Zhang Li, director of the National Center for Education Development Research under the Ministry of Education, remarked that the inequalities in educational opportunities are largely to the detriment of rural areas. A free market for education resources will not rectify these imbalances; government should assist the poor by offering them more and better opportunities in education.

The Hope Project is symbolic of efforts to offer an affordable quality education to all children. The project became part of the public conscience in 1991, when a newspaper photograph of sevenyear-old Su Mingjuan and her piercing gaze touched readers throughout the country.She became the symbol of the project, and was assisted right through to entering university in 2003.

In the Finance Department of Anhui University, Su supported herself by working part time until she finished her degree. She secured a white-collar job at the Anhui Provincial Branch of the Industrial and Commercial Bank of China, shortly after which she began financially assisting two disadvantaged students on her own.

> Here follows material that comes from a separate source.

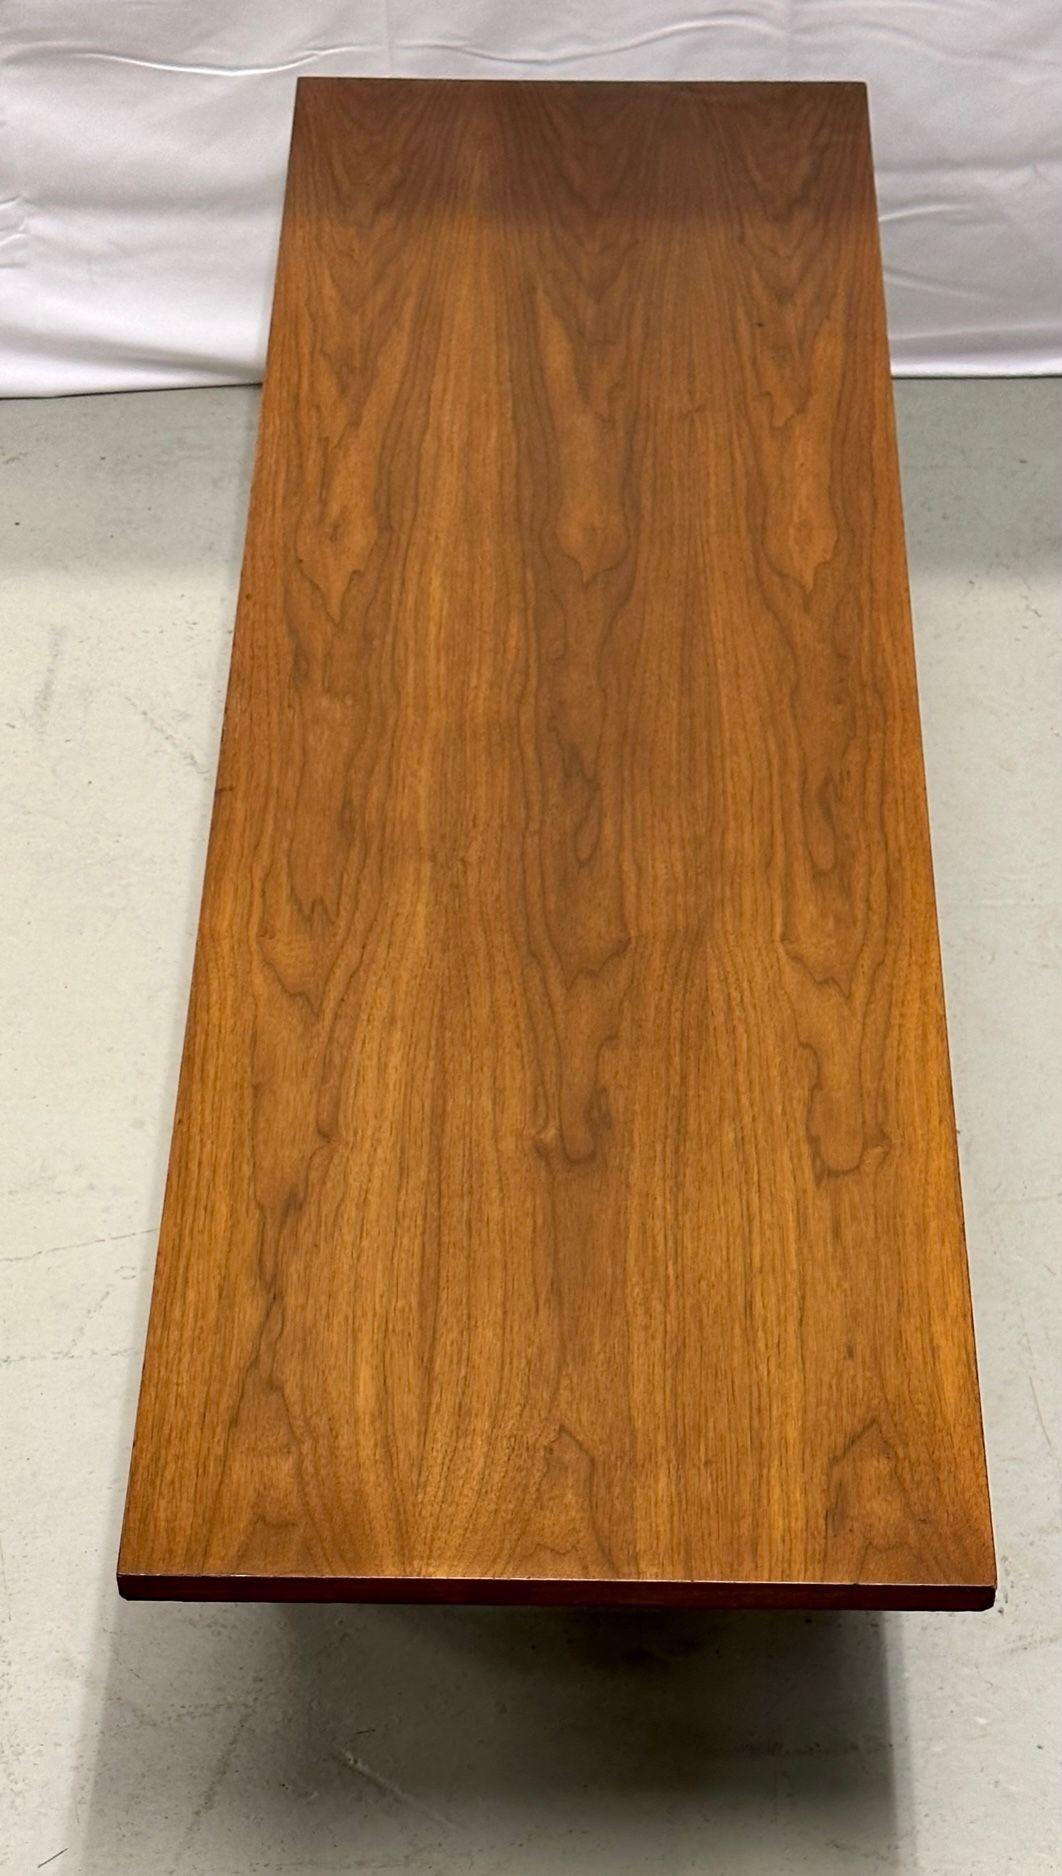 Danish Mid-Century Modern Cocktail or Coffee Table, 1950s, Solid Teak For Sale 8

“Meeting with them every year and talking with them regularly is more important than giving them money. They deserve our attention. We need to foster students interests, passions and potential, and help them plan for the future,” Su said.

Every student benefits from compulsory education in China. But to narrow the gap between different regions, more welfare initiatives should be carried out in the countrys poorer areas. If we set a good example for these children and collectively provide them with financial aid, they are more likely to contribute positively to society in the future.

Chinese society has been working hard to rid its education system of inequality. In the not-too-distant future, China will be proud to say that a child born in Shaanxi, Sichuan or Guizhou has just as much chance of succeeding in school as a child born in Shanghai or Beijing.